発達障害のある息子と家族の8年間――「自閉スペクトラム症」と診断された我が子と向き合い、共に歩んだ記録

出産・子育て

公開日:2022/11/28

虹色の朝陽 発達障害を持つ息子との8年間
虹色の朝陽 発達障害を持つ息子との8年間』(中尾きみか/主婦の友社)

 近年、発達障害はメディアで取り上げられることが増え、特性を理解する人が増えてきた。だが、実際に我が子に発達障害があると、親はどんな配慮をすればいいのか悩んでしまうこともあるだろう。

虹色の朝陽 発達障害を持つ息子との8年間』(中尾きみか/主婦の友社)は、そんな親御さんに届いてほしい1冊だ。
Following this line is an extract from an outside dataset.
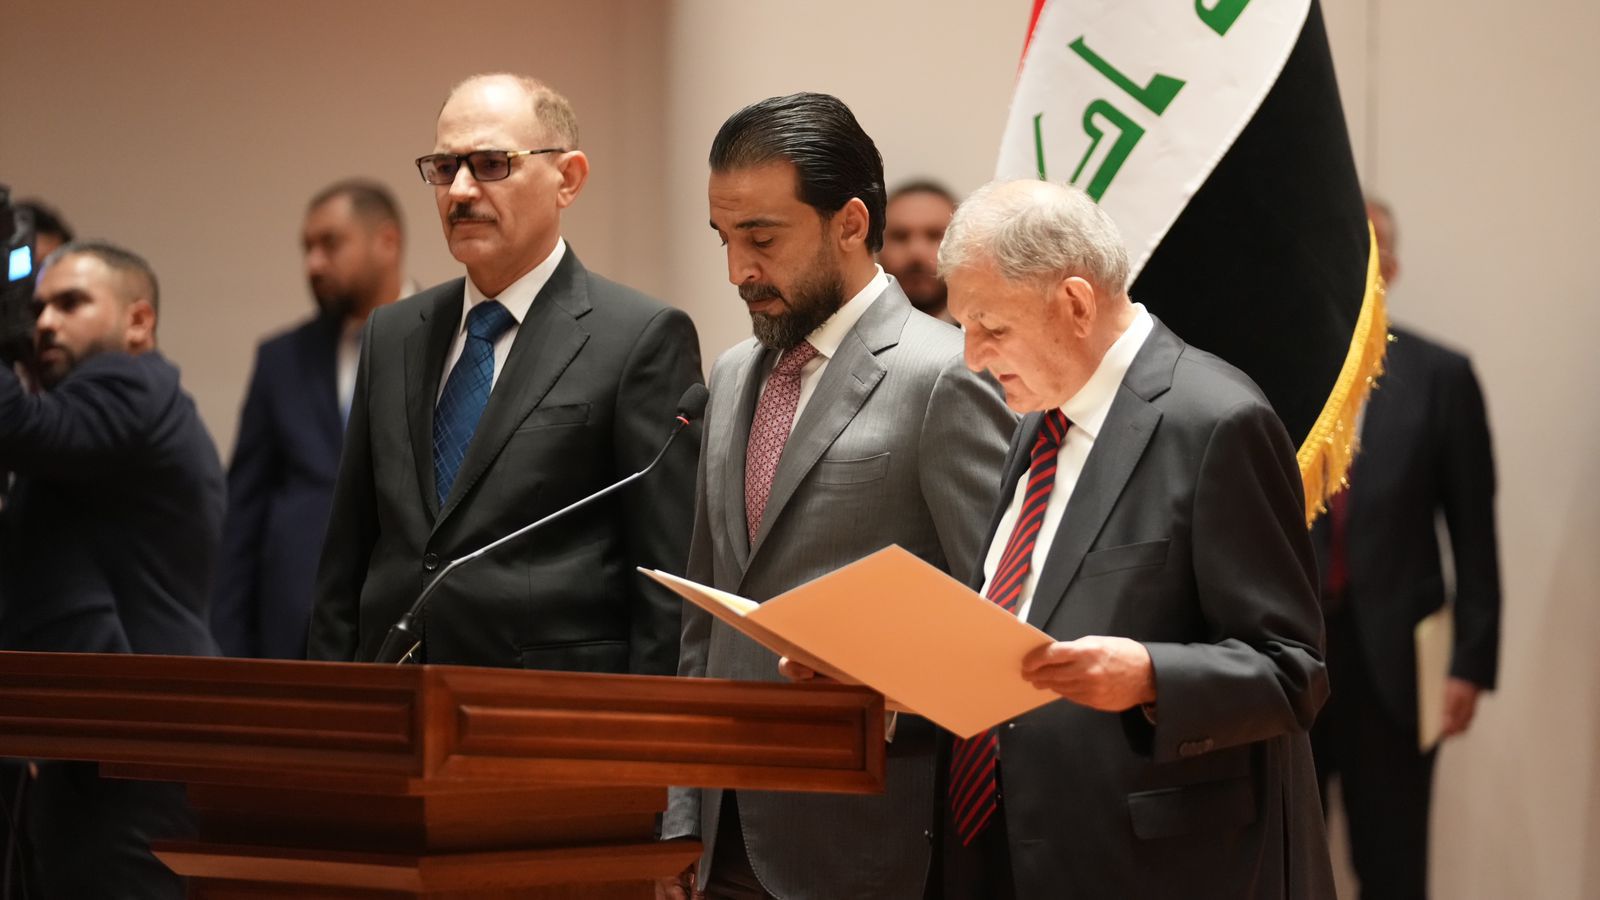 Plasschaert congratulates al-Sudani on his appointment as PM

 著者の中尾きみかさんは、2019年から「虹色の朝陽」として、YouTubeやインスタグラムなどで発達障害のある息子・朝陽くんとの向き合い方を発信。発達障害は程度や対処法が人によってさまざまで、育児書にある一般的な対処法が当てはまるとは限らない。そこで、著者は一方的でなく、フォロワーやリスナーと交流しながら発達障害のある子との向き合い方を模索してきた。

 本書では、そうした活動の中で寄せられたリアルな対処法などと共に、著者ら親子が歩んできたこれまでを紹介。悩み、迷い、孤独な子育てをしている発達障害のある子の親が我が子に合った向き合い方を見いだせる書籍となっている。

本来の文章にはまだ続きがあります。